Besides, as recruitment took place only at one site and in a relatively affluent city in the South of Germany, and selection bias due to stronger loss to follow-up of non-German families or families with a lower socioeconomic status cannot be excluded, our sample cannot be considered as representative for the German population. However, behavioural and emotional difficulties in our sample were comparable but slightly lower compared to those in the German Health Interview and Examination Survey for Children and Adolescents (KiGGS), a nationally representative survey including 14,835 children aged 3–17 years [23]. Rates of emotional abuse were slightly higher in our sample compared to a sample of the general population in Germany, while all other forms were lower, with significantly lower rates for physical neglect in our sample [26].

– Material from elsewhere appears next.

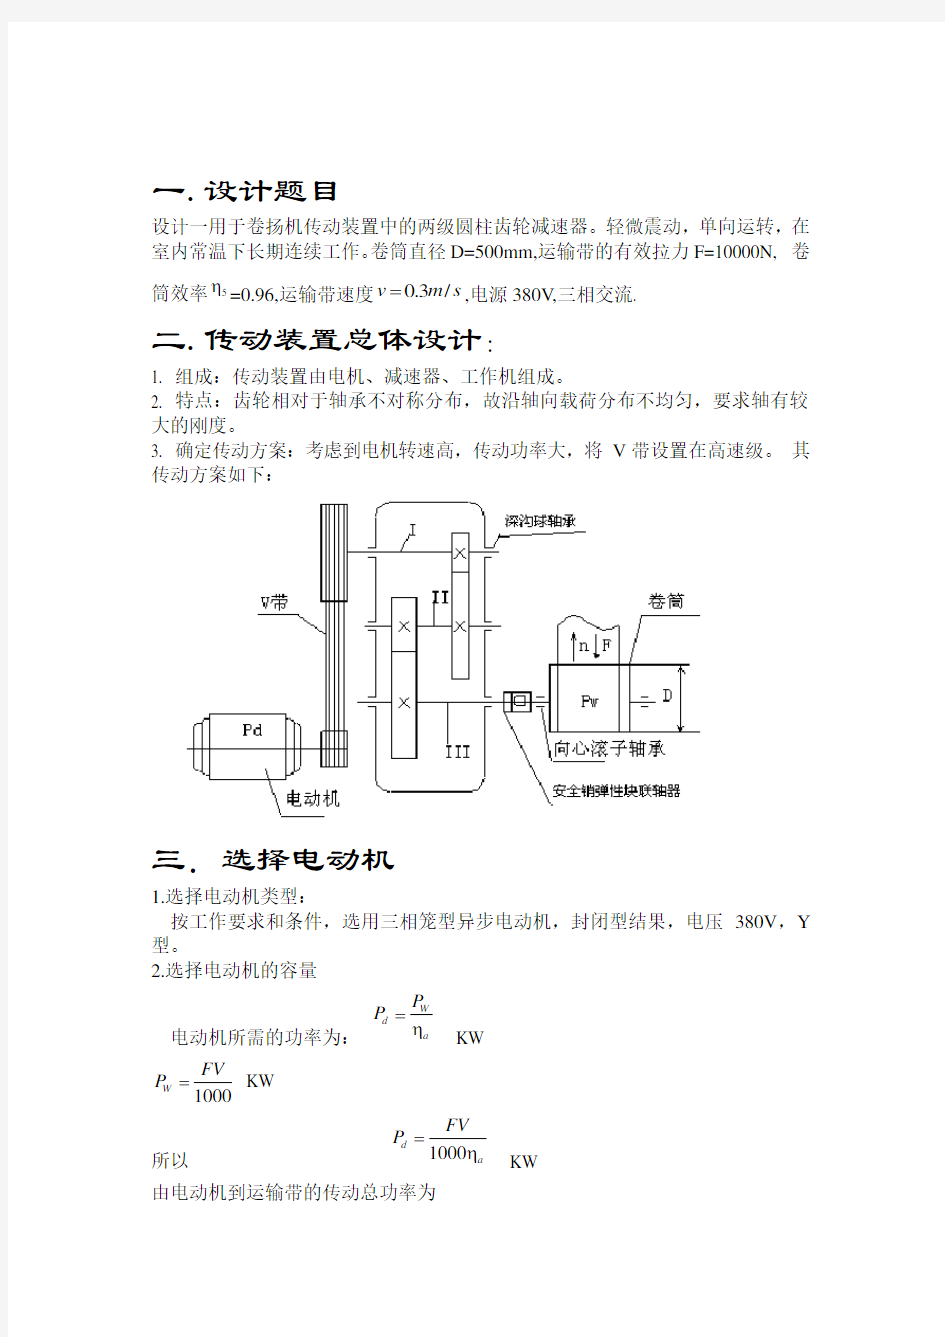 课程设计二级圆柱齿轮减速器设计说明书(CAD图)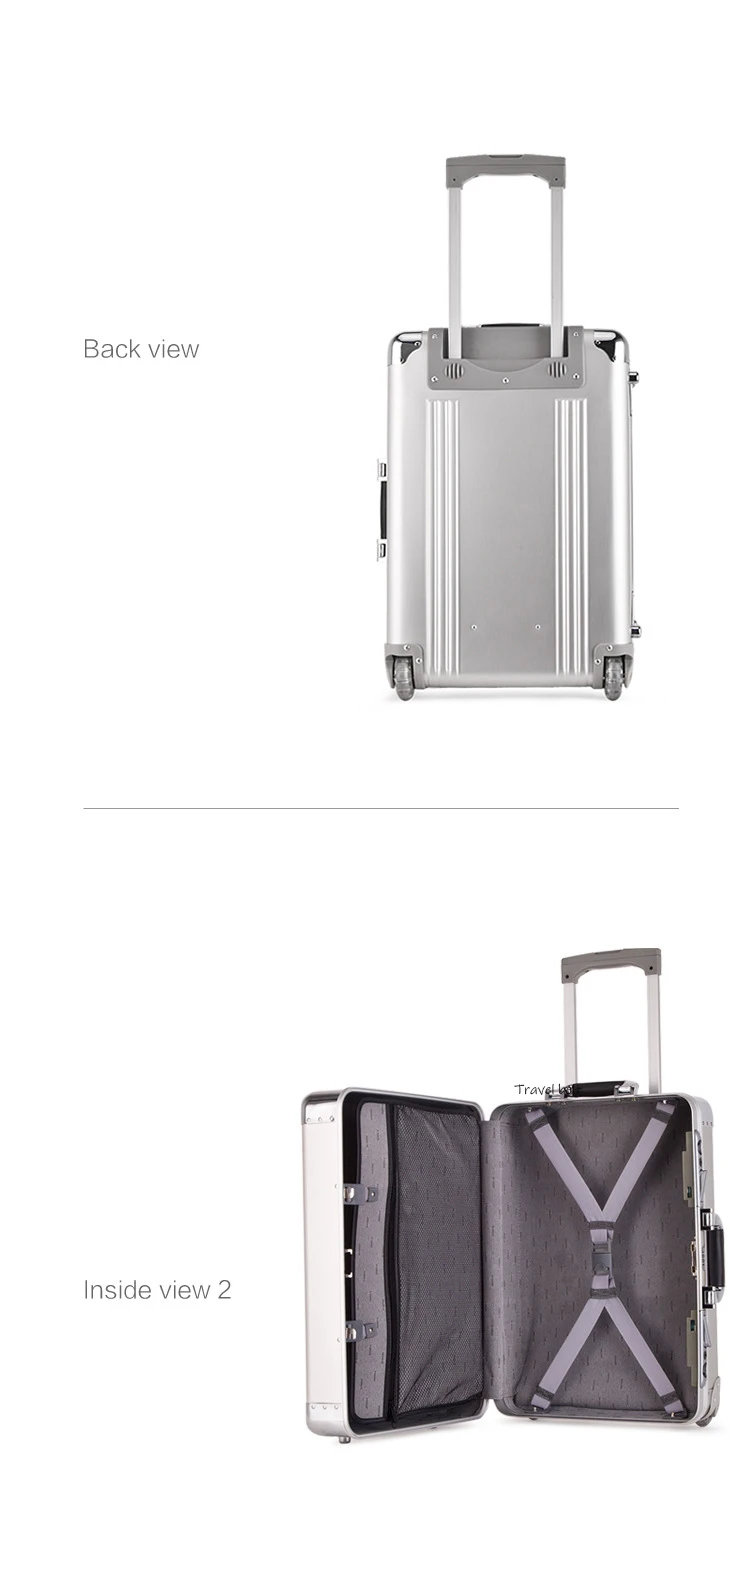 Алюминиево-магниевый сплав класса люкс Высокое качество 20 дюймов размер высокое качество багаж на колесиках фирменный туристический чемодан на вращающихся колесиках

Overall, despite these limitations, the presented data provide an important first insight into the relevance of maternal CM on the trajectories of mental health in the offspring and highlight the importance of chronicity and severity of minor symptoms of maternal depression and anxiety in this interplay. Based on a somatically and psychologically well characterized prospective cohort, our study underlines the high complexity of the development of mental health problems in childhood and the necessity for comprehensive approaches to better understand the relationship between maternal CM, maternal mental health and child mental health. Furthermore, our results reveal a greater vulnerability of male gender in this interplay.
In sum, our results indicate that the association between maternal CM and child behavioural and emotional difficulties increases with older child age. Thus, further research with longer follow-ups up into adolescence and adulthood is needed. The here shown cumulative effect of symptoms of depression and anxiety on child mental health underlines the relevance of effective treatment for mentally ill parents.